Donc, ça se passe dans la commune de Montlouis, que les étrangers à la région connaissent surtout parce qu’ils en ont lu le nom sur quelque étiquette de liquide vineux, et que les amateurs de jazz connaissent parce que, depuis 1987, leur visite ne les a jamais laissés sur le faim (et, accessoirement, sur leur soif).

Festival Jazz en Touraine 2021 | Concerts & Musique Jazz |  Montlouis-sur-Loire 37Jazz en Touraine, c’est aussi un village, plein de musique et de bonnes choses… (Photo Jazz en Touraine)

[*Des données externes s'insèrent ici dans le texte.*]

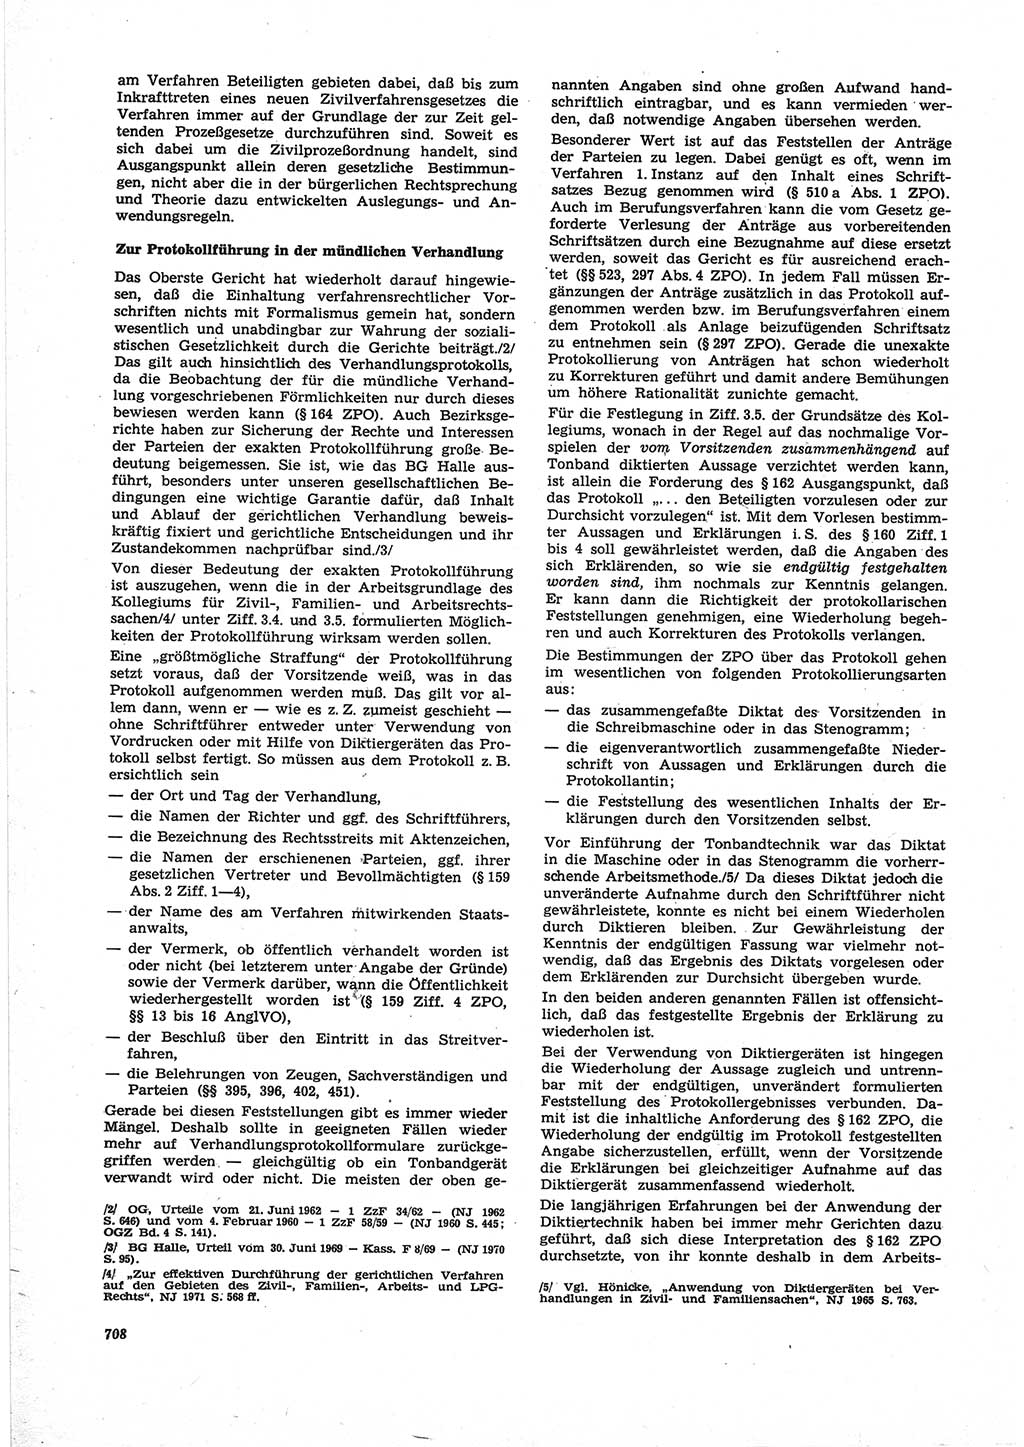 Neue Justiz (NJ), Zeitschrift für Recht und Rechtswissenschaft [Deutsche Demokratische Republik (DDR)], 25. Jahrgang 1971, Seite 708 (NJ DDR 1971, S. 708)

Il est sans doute un peu lassant de rappeler quelques noms passés par les rives ligériennes, mais c’est toujours un plaisir. D’autant que la liste s’allonge chaque année et reste dignes des plus anciens. Alors, on vous en balance quelques-uns, histoire de vous faire honte si vous n’y êtes jamais allés : Michel Petrucciani, Manu Dibango, Dee Dee Bridgewater, Richard Galliano, Rhoda Scott ou encore Dutronc fils, venu une première fois avec Biréli Lagrène et revenu en tête d’affiche.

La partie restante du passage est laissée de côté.